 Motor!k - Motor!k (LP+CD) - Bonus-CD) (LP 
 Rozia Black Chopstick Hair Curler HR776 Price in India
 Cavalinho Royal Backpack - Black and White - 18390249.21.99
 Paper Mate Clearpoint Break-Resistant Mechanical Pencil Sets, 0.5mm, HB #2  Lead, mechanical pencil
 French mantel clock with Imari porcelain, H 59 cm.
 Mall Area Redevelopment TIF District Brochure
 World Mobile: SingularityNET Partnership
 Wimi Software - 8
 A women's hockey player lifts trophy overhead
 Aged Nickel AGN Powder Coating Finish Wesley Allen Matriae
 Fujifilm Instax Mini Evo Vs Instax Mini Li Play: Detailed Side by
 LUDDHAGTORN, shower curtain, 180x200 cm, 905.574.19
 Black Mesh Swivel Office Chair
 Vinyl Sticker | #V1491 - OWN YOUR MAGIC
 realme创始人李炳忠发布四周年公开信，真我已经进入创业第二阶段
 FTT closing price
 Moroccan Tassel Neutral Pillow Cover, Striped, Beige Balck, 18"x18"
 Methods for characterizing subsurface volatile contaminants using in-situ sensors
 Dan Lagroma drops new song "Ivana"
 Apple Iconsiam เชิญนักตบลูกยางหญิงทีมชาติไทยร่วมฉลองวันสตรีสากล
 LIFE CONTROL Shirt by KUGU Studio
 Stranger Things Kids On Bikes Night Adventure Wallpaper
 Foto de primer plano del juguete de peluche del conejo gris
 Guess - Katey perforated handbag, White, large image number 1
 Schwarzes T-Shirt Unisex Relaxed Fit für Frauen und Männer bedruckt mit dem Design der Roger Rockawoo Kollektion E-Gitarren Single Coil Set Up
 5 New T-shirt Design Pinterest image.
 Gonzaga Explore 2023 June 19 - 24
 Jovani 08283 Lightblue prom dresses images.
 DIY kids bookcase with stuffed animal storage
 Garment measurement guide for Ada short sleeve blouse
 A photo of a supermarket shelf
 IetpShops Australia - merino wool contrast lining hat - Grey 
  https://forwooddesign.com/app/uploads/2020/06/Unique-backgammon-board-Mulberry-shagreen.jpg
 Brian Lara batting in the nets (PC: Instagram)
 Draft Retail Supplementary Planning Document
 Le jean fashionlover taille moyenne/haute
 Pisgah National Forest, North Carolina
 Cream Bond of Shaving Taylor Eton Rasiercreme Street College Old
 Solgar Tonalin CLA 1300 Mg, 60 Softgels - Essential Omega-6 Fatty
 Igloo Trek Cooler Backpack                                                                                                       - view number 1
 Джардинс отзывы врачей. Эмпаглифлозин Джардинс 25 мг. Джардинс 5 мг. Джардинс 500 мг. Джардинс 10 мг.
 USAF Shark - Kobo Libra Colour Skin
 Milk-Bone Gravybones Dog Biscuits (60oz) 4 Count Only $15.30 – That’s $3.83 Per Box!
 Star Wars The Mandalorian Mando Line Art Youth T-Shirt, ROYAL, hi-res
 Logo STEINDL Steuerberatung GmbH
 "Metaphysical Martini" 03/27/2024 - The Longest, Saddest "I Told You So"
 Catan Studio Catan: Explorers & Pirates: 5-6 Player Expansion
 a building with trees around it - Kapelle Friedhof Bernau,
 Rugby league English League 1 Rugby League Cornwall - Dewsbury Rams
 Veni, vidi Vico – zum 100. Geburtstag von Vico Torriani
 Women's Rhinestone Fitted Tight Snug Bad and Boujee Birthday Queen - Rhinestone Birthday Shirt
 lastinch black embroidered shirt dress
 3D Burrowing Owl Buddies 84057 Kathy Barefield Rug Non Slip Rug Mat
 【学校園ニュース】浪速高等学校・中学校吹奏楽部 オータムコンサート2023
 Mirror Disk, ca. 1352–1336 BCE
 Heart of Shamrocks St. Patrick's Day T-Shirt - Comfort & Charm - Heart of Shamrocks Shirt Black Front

====

**TASK STATEMENT:**
Go over the listing above and copy out each line that includes "Studio".

**RESPONSE FOR THIS EXERCISE:**
 LIFE CONTROL Shirt by KUGU Studio
 Catan Studio Catan: Explorers & Pirates: 5-6 Player Expansion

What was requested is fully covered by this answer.